Lim: Remembering

Lim: Remembering

I DREAMT of you last night. We were in a theme park. Seemed like Disneyland. Strange. We’ve never been there together. I didn’t actually see you in my dream. But I knew you were there.

Achi (eldest sister) says you no longer want to come along with us for the rest of the day. She says you’re tired of all the walking. You want to go off on your own and just meet up with us later.

It’s been a while since I dreamt of you, Ma. But not a day goes by when I don’t think of you. Last night, I was thinking about how happy and proud you must be that Achi is launching a YouTube channel.

You were always so proud of us and all our achievements. No feat was ever too small for you to cheer or celebrate. You provided the perfect balance to Papa’s parenting style more apt for boot camps where no error is ever too small not to call out or castigate.

I can’t recall a single moment in my life when you were too busy to listen to us or to do something for us. And yet, you weren’t a full-time homemaker. You were managing the business along with Papa.

But in what world can birthing and raising six children ever be called a part-time job? Housing a baby for nine months, disfiguring one’s body, risking one’s life in the process — how many men give credit to the women who make such sacrifice?

You used to tell me, Ma, that if men were tasked with childbirth, there would be no children.

And yet, the precarious process of pushing a baby out into this world is the easy part. Raising a child to be a sensible, emotionally stable and morally upright adult is the hard part. And the hardest part? Worrying for the rest of your life.

You used to tell me when I was a child that because you didn’t marry young, you fervently prayed to live a long life so that when it was time for you to go, we would all be old enough to be on our own.

I was old enough. I was 54 when you left. But I still didn’t want you to go.

But you had worried enough in your life — you deserved to rest.
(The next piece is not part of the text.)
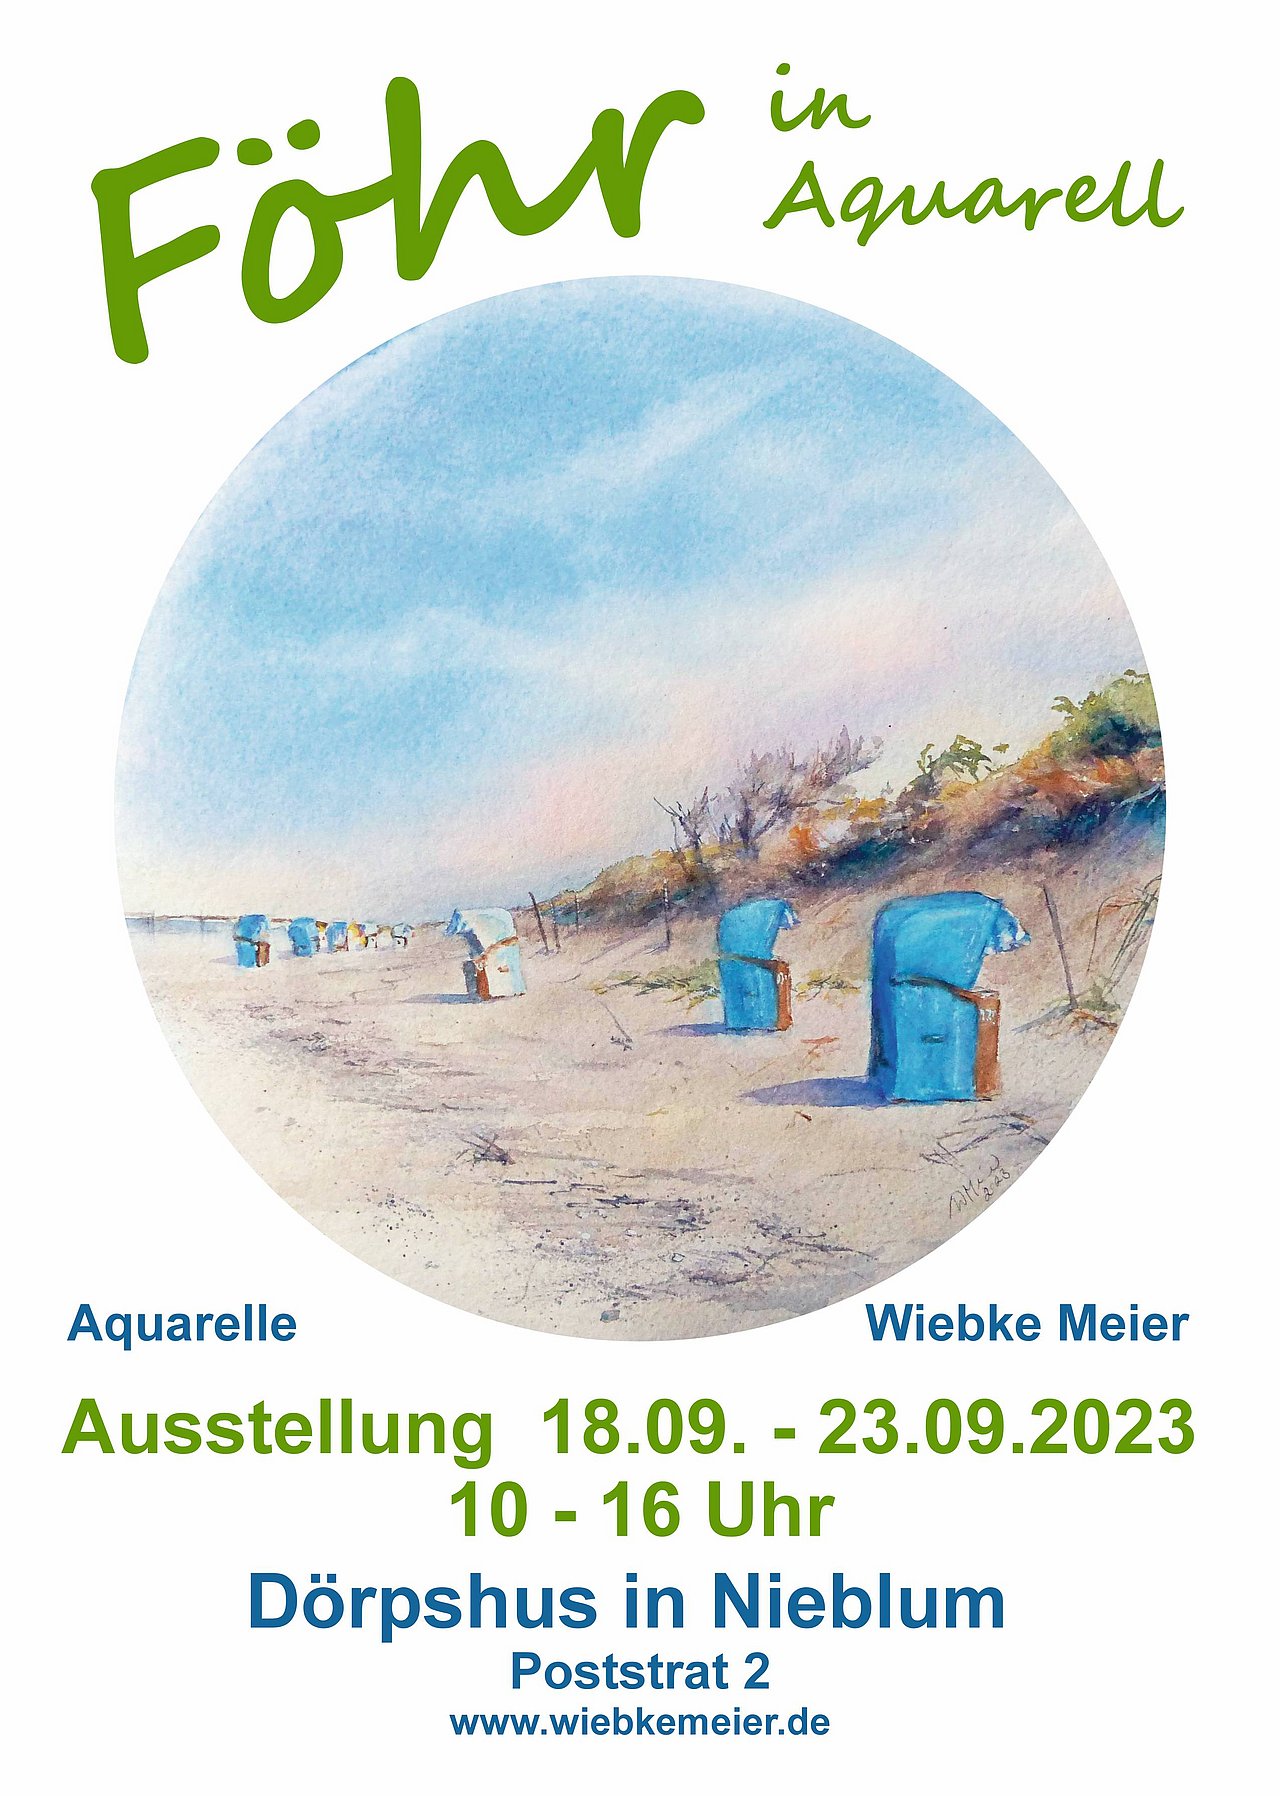 Ausstellung "Föhr in Aquarell" 18.-23.09.2023

Enormous lifelong challenges through 62 years of marriage, six children and two grandchildren. And yet, at the end of your life, you uttered not a word of complaint. You thanked God for all the blessings He granted you and asked Him only for safe passage.

It is an extraordinary gift to have you for a mother and it will be to my eternal regret that I never realized it till you were gone.

I was so angry with Achi. “Are you mad? How are we ever going to find her in this park? Why did you let her go?” I wailed. We searched for you — long and hard, Ma, but we never found you.

Not a day goes by when I don’t tell myself how lucky I am to have you as my mother. I only wish I could have told you this when you were still around. May your love sustain me, Ma, till I see you again.